I was having a MSN Messenger chat about 6 months ago with another forum member (Stuart, if memory serves me right) who was using Pringles Potato Chip "cans" as grain silos on his layout. I guess he was painting them and linking them together with a catwalk. I am sure we have all seen photos of real engines passing a grain silo as many of them are right next to the tracks.

I thought this was a neat idea and one that could save money too. It also made me wonder about other kitchen items which could also be converted by the resourceful modeler for use on a layout.

The other day I was having Lays Stax Potato Chips. They too come in a canister (can). The canister is an odd shape. This shape reminded me of the conversation with Stuart about the Pringles' can and made me wonder what "use" I might find for it. I quickly thought of . . . water towers. [:D] I have seen some odd shaped water towers and the Lays can would work well for one. Since water towers come in various shapes and sizes I don't think this is too far-fetched an idea.
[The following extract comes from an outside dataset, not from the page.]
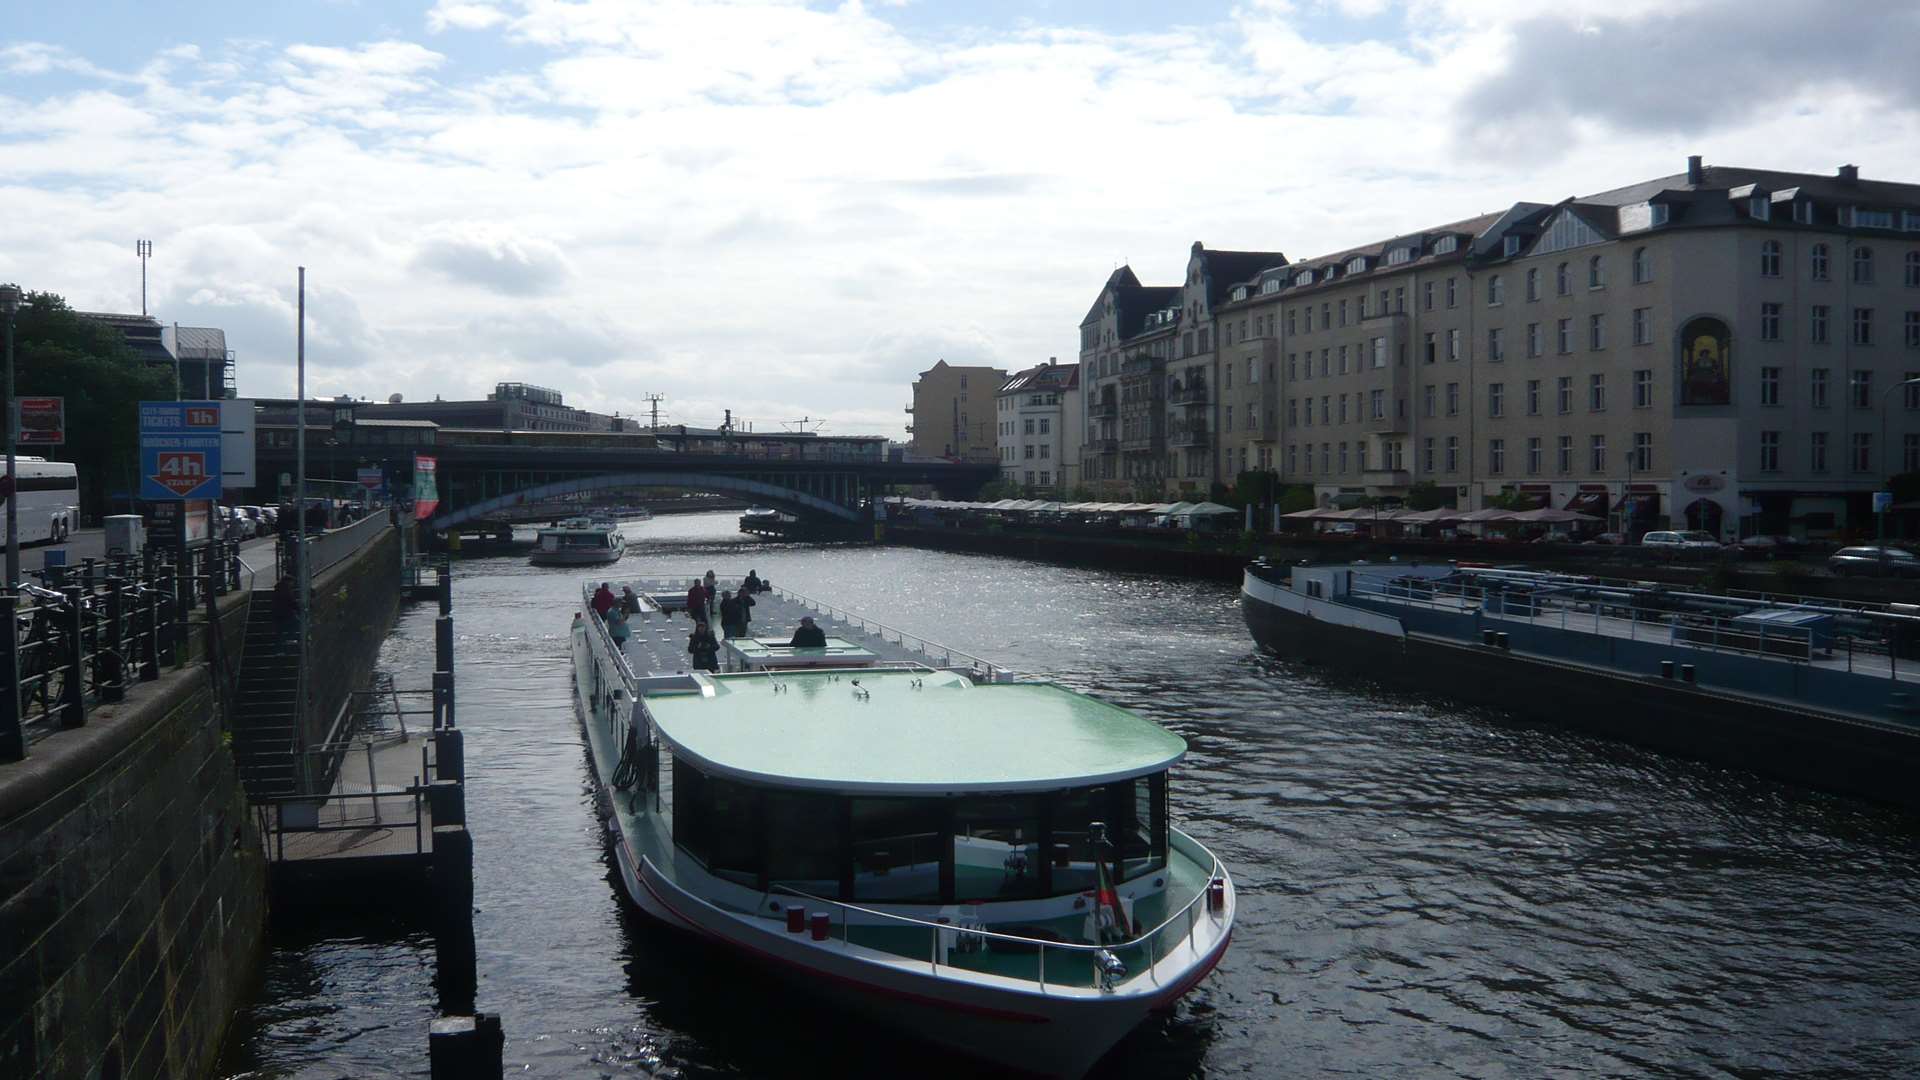 Central Berlin showing the Spree river. The GDR musuem is nearby

Then it made me also wonder what other "kitchen" items might be used on a layout. Again, I came up with . . . butter tubs. [;)] Yes, they would make good oil (or in a model railroad--diesel fuel) tanks. [:p] They too come in a variety of sizes and would work as a fuel tank farm.

I bet some of you have been "resourceful" in obtaining structures for your layouts. Would you like to share some of your resourceful ideas. [:)]

I know of one modeler who uses aluminum foil as a mold for "rocks". But if he wants to he can share that here.